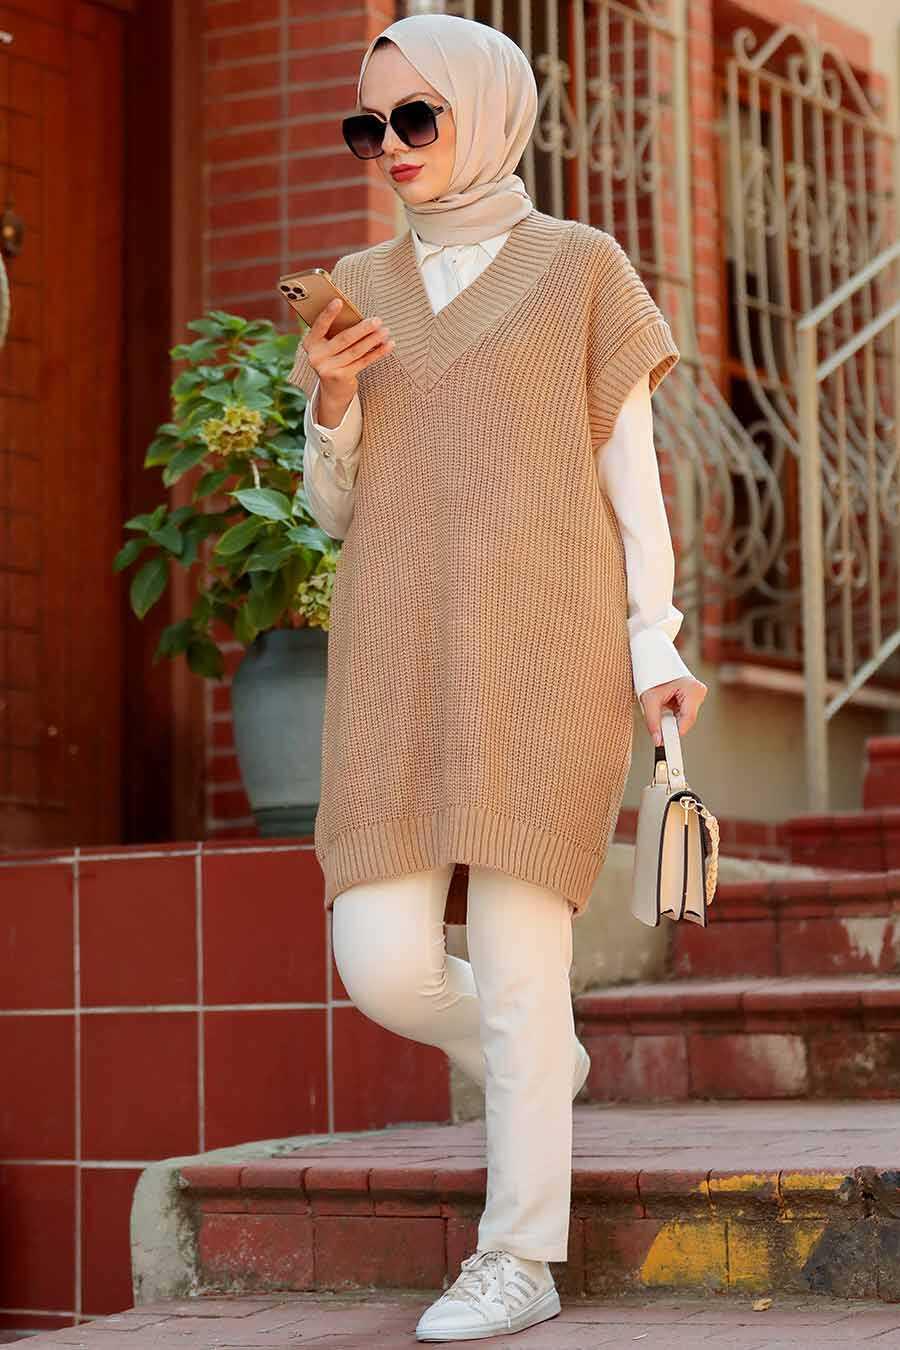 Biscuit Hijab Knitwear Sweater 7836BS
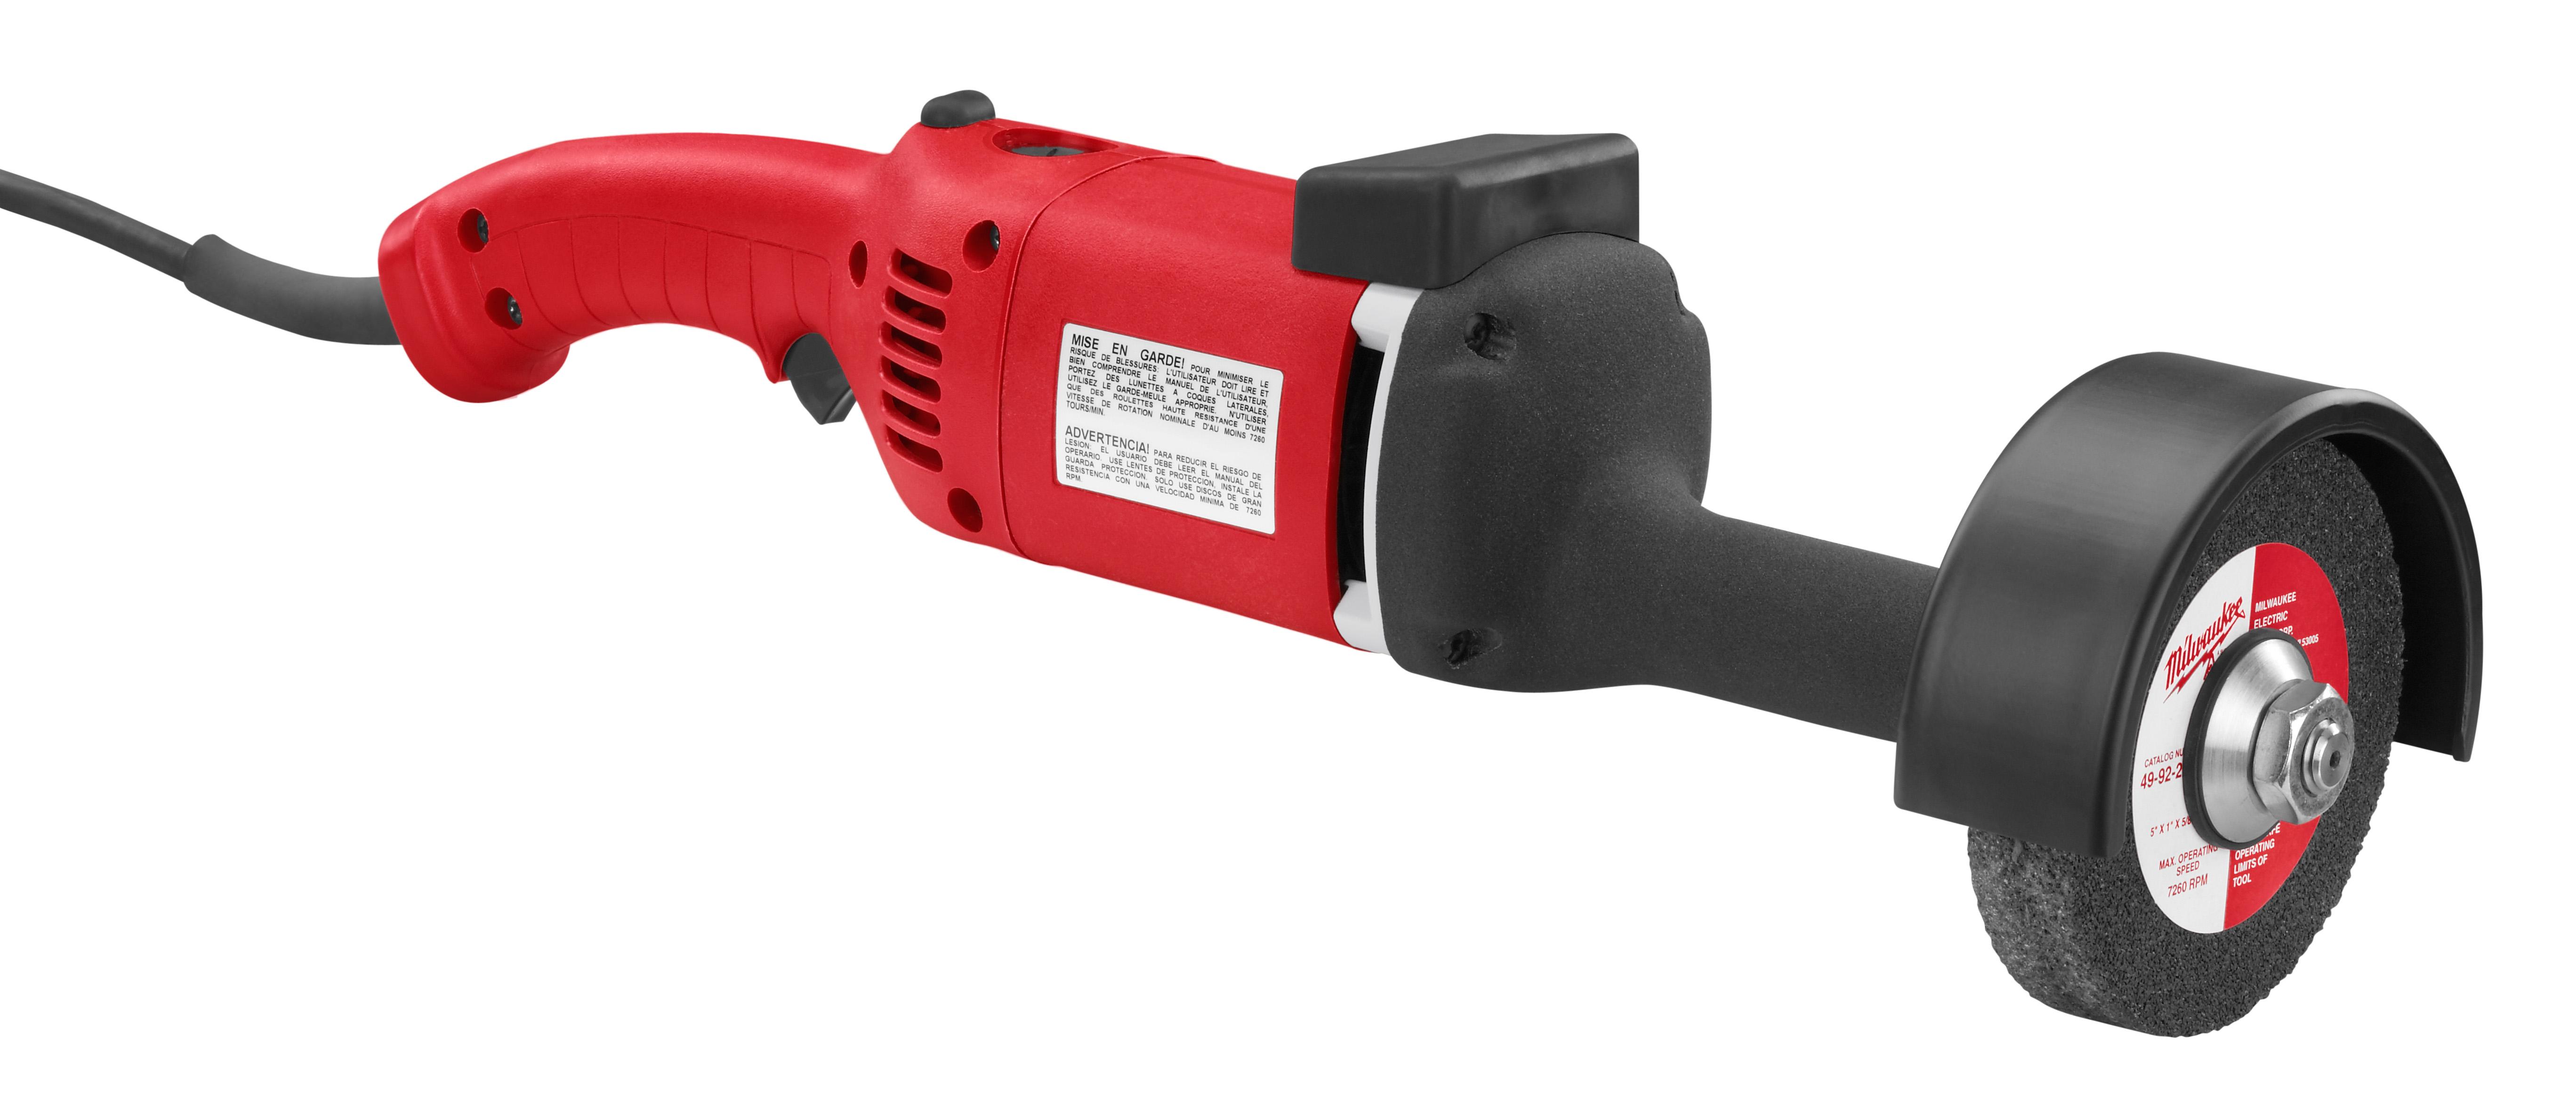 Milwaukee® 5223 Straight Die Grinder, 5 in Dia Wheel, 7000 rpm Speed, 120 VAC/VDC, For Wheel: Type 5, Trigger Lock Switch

___

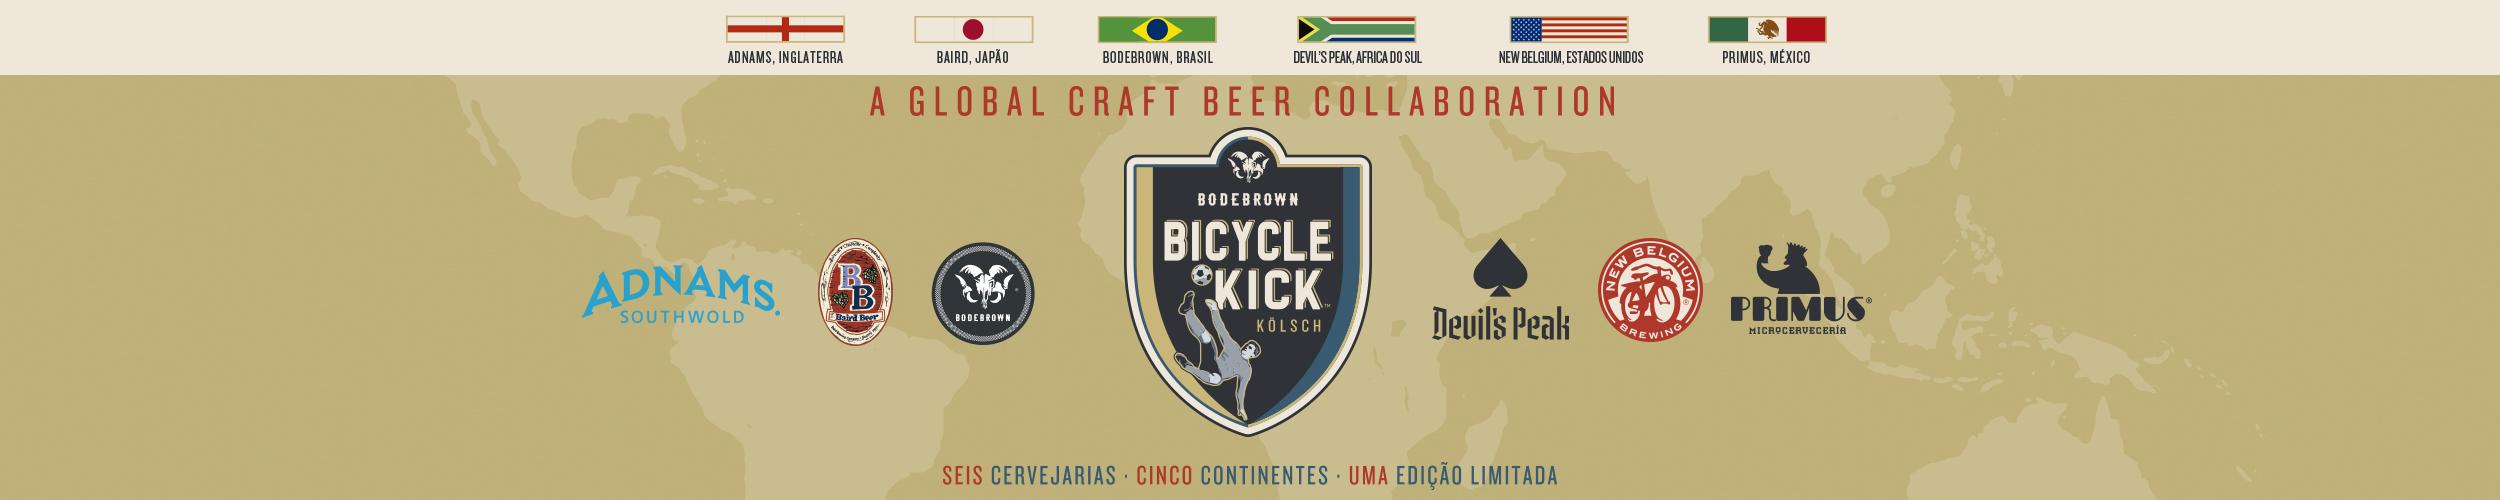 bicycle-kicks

___

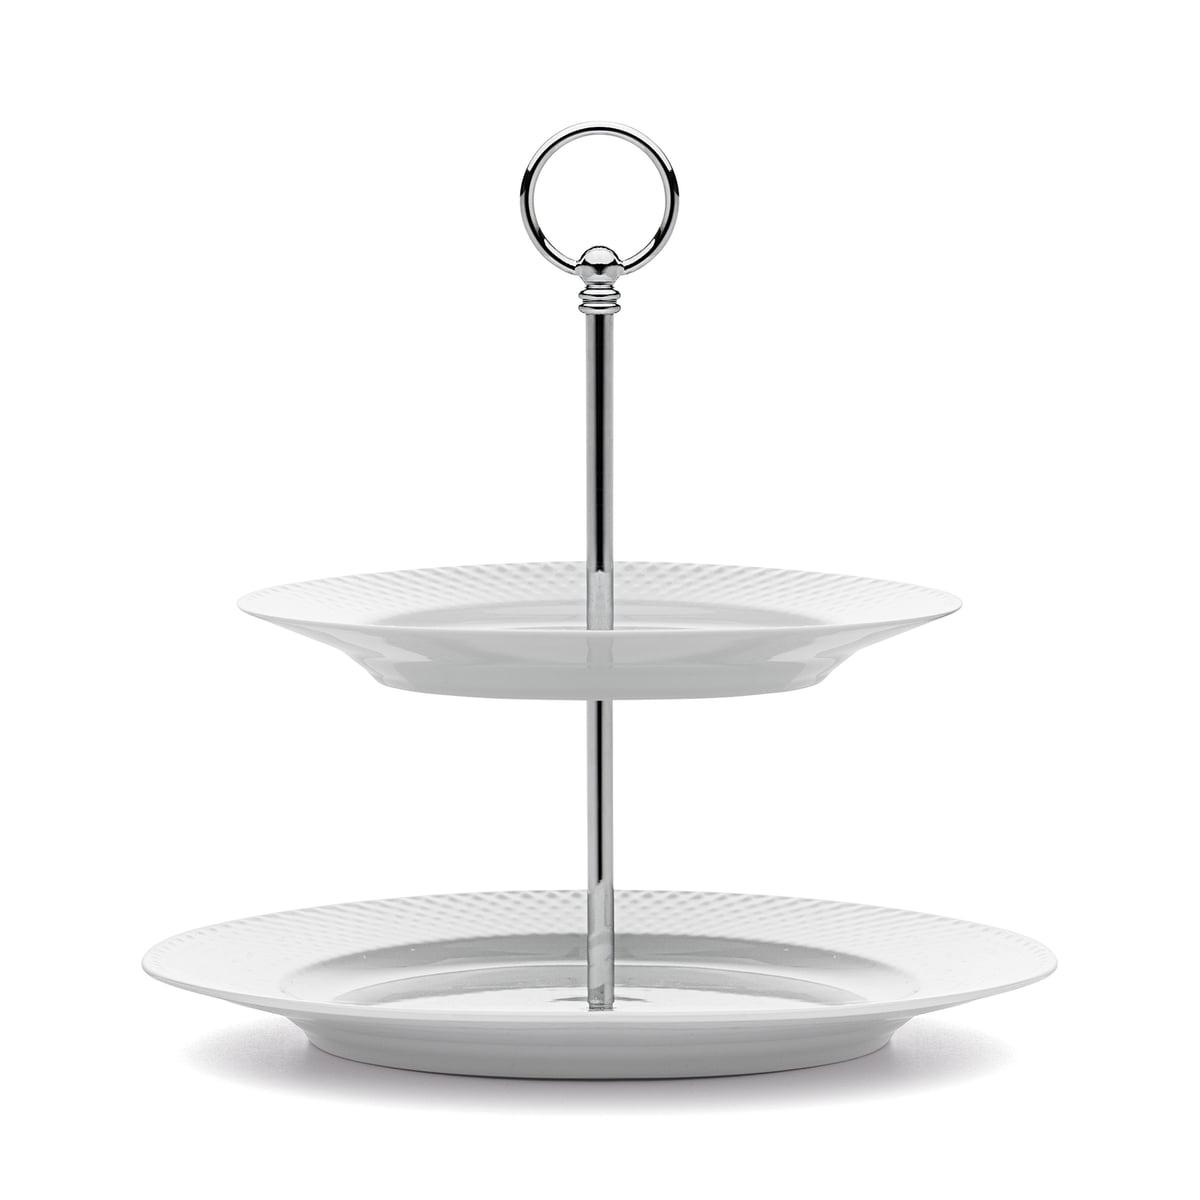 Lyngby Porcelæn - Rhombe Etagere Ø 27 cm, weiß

___

*To do:* Since the pictures are not part of the copy, please transcribe only the lines above from the one with "Biscuit Hijab Knitwear Sweater 7836BS" through the one with "Milwaukee® 5223 Straight", exactly and with both ends.

*Output of the exercise:*
 Biscuit Hijab Knitwear Sweater 7836BS
 Milwaukee® 5223 Straight Die Grinder, 5 in Dia Wheel, 7000 rpm Speed, 120 VAC/VDC, For Wheel: Type 5, Trigger Lock Switch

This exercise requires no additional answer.